Fue en el 2012 cuando inicié mi carrera formalmente, trabajando para un familiar en su agencia de medios. Era un trabajo cero creativo y, con el paso del tiempo, entendí que lo mío era otra cosa: algo que oliera a libertad, que me permitiera expresar, sorprenderme y aprender todos los días. Así entré al mundo de la fotografía y la publicidad, pero esa es otra historia…

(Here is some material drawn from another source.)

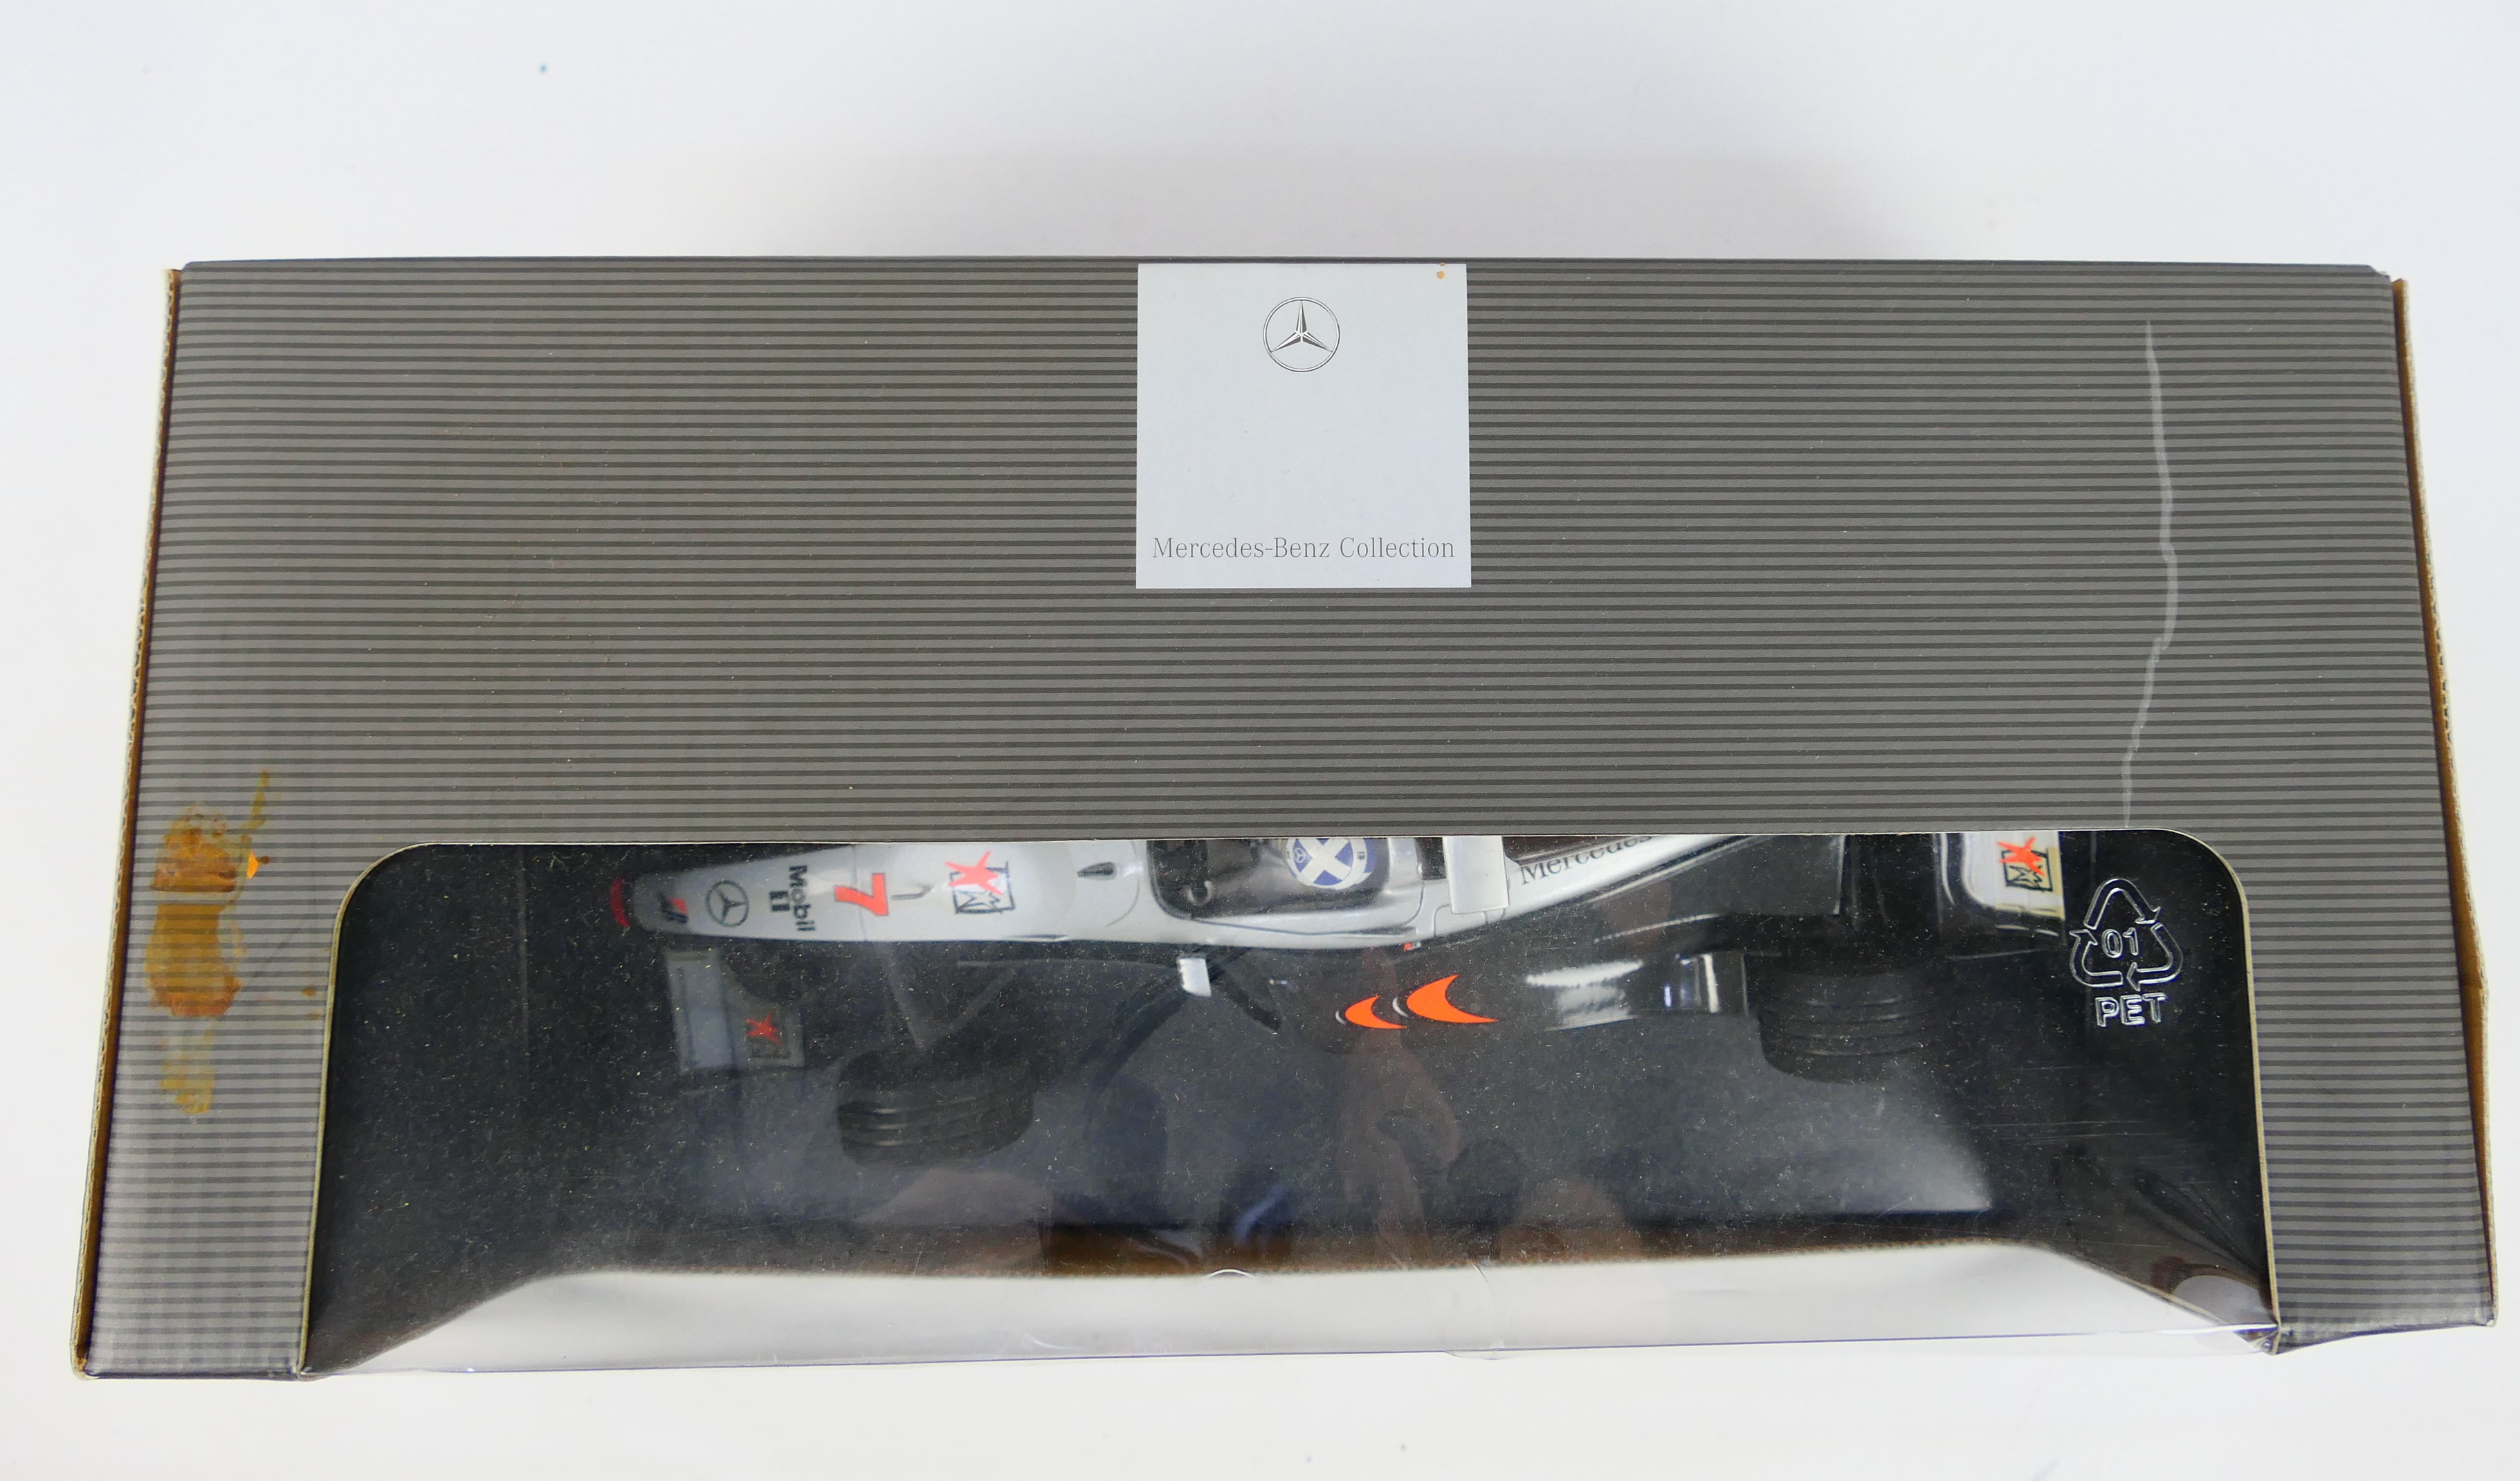 Minichamps - A boxed 1:18 scale Minichamps B6 6960220 diecast McLaren Mercedes F1 Racing Car, - Image 6 of 12
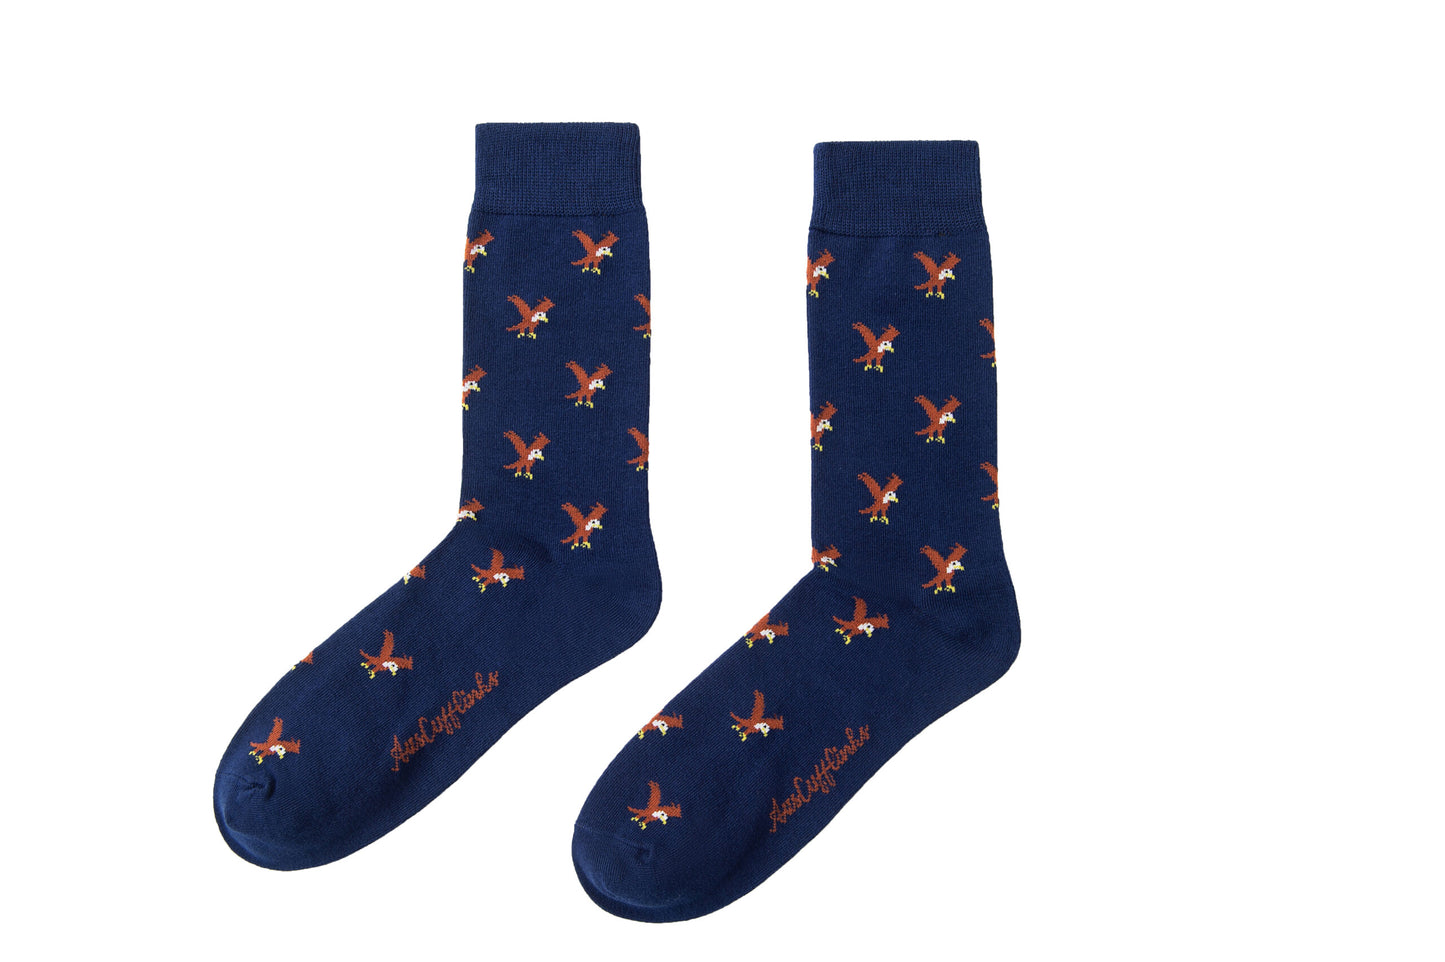 Eagle socks

Desde hace un par de años venía pensando en dedicarme de lleno a las bodas. El ambiente parecía perfecto: lugares increíbles, emociones al límite, buena paga, y sobre todo, el privilegio de documentar momentos irrepetibles. Pero ahí estaba el reto: no bastaba con tener una cámara; había que ser verdaderamente talentoso.
A lo largo de más de 15 años trabajé produciendo cine, televisión y publicidad para marcas de todo tipo, desde pequeñas empresas hasta grandes corporaciones. Sí, parecía vivir el sueño… pero los sueños que perseguía no eran los míos.
Mi último empleo, como Gerente Regional de Mercadotecnia para una marca automotriz japonesa, me llevó al límite. Una mañana, tras una crisis de estrés, regresé a casa y me encontré con mi esposa. Me abrazó y entonces entendí algo doloroso: habían pasado seis meses desde la última vez que la veía de día. ¿Eso era vivir?
Decidí renunciar. Mi esposa me apoyó y, motivado por ella, comencé un nuevo camino: dedicarme a lo que realmente amo.
Ahí encontré mi lugar: la fotografía de bodas. Porque las bodas no son un evento más; son la memoria viva del amor, un legado para toda la vida.
Hoy veo con tristeza que muchos fotógrafos no comprenden el peso de esta responsabilidad. Hay quienes simplemente “toman fotos”, pero capturar una boda requiere algo más: técnica, sensibilidad, experiencia y, sobre todo, el compromiso de contar una historia real.
Por eso me dedico a hacer lo que mejor sé hacer: transformar momentos en recuerdos atemporales, con la mirada de quien entiende que una boda no se repite, que cada sonrisa y cada lágrima son irreemplazables, y que el amor merece ser contado como una auténtica obra de arte.
Agradezco profundamente a las empresas y marcas con las que trabajé durante mi etapa de formación; cada proyecto me dio herramientas, visión y disciplina para llegar hasta aquí. Pero, sobre todo, gracias a las parejas que confían en mí para contar su historia. Ustedes hacen posible que mi trabajo tenga sentido y me inspiran a dar siempre lo mejor detrás de la cámara.